Problem to model solidification of a binary alloy with CDO approach

MatthieuM · October 24, 2023, 10:42am

Hello everyone,

I would like to make a demonstration case of segregation phenomena during the solidification of a binary alloy. To do this, I’m trying to use the CS solidification module with CDO scheme approach (v8.0.2), and I’m facing a problem I don’t understand concerning the gravity consideration.

I joined a simple case to illustrate my problem :

A square 0.1*0.1m, 400 elements
Activation and input of a binary alloy, with temporary simplification to cancel the Boussinesq term (Beta_T = Beta_C = 0)
Adiabatic condition everywhere
A uniform initial temperature above the melting temperature, so a full liquid domain

With such conditions, I expect nothing to happen.

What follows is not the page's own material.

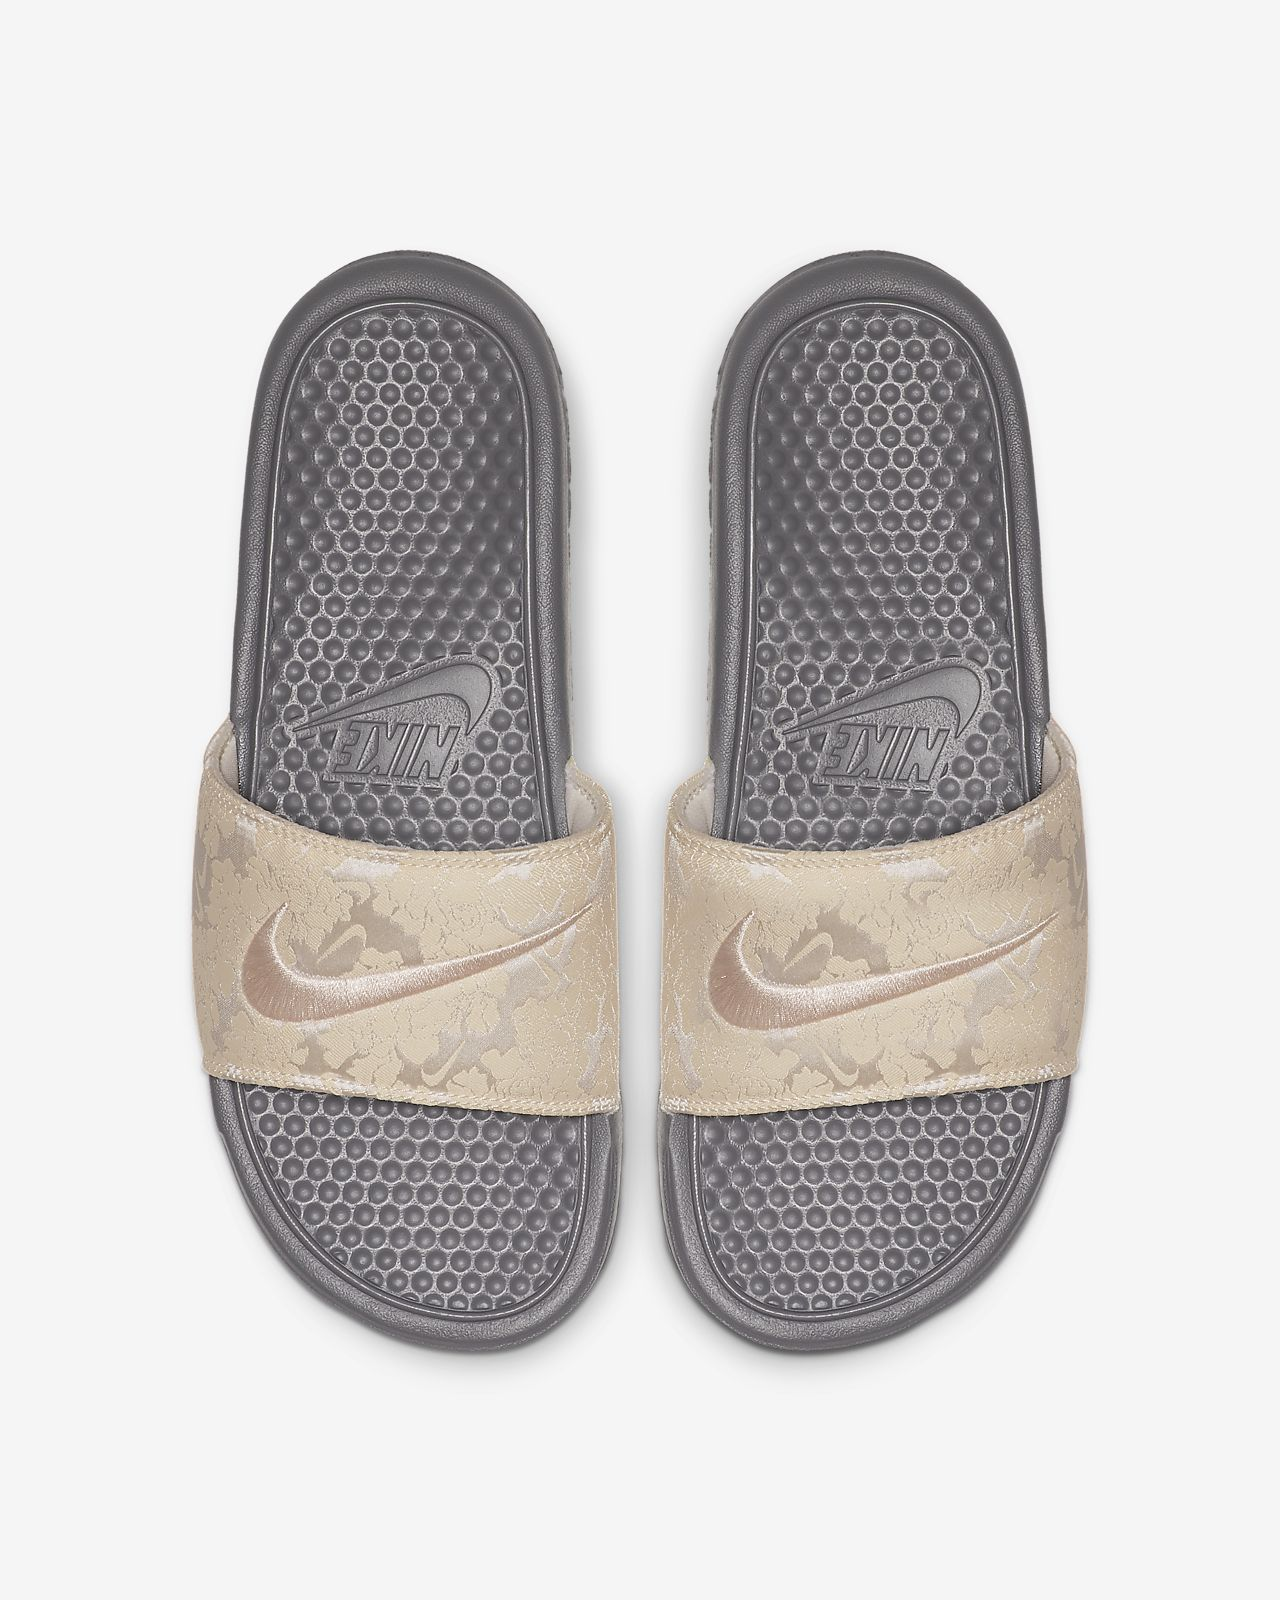 Nike Benassi JDI TXT SE-badesandal til kvinder

It’s ok without gravity. But with standard gravity, I observe velocity along the gravity direction, with very strong values at the boundary facing this gravity direction, and a continuous warning in the listing file about the Picard algorithm which reaches the max. number of iterations when solving equation “momentum”. There is no pressure, no density variation, so I don’t understand what’s going on. Would there be some opinion or advice?

Thank you for your help,
Best regards,

Matthieu
Mesh_square.med (146 KB)
setup.xml (7.98 KB)
cs_user_parameters-cdo-solidification.c (11.6 KB)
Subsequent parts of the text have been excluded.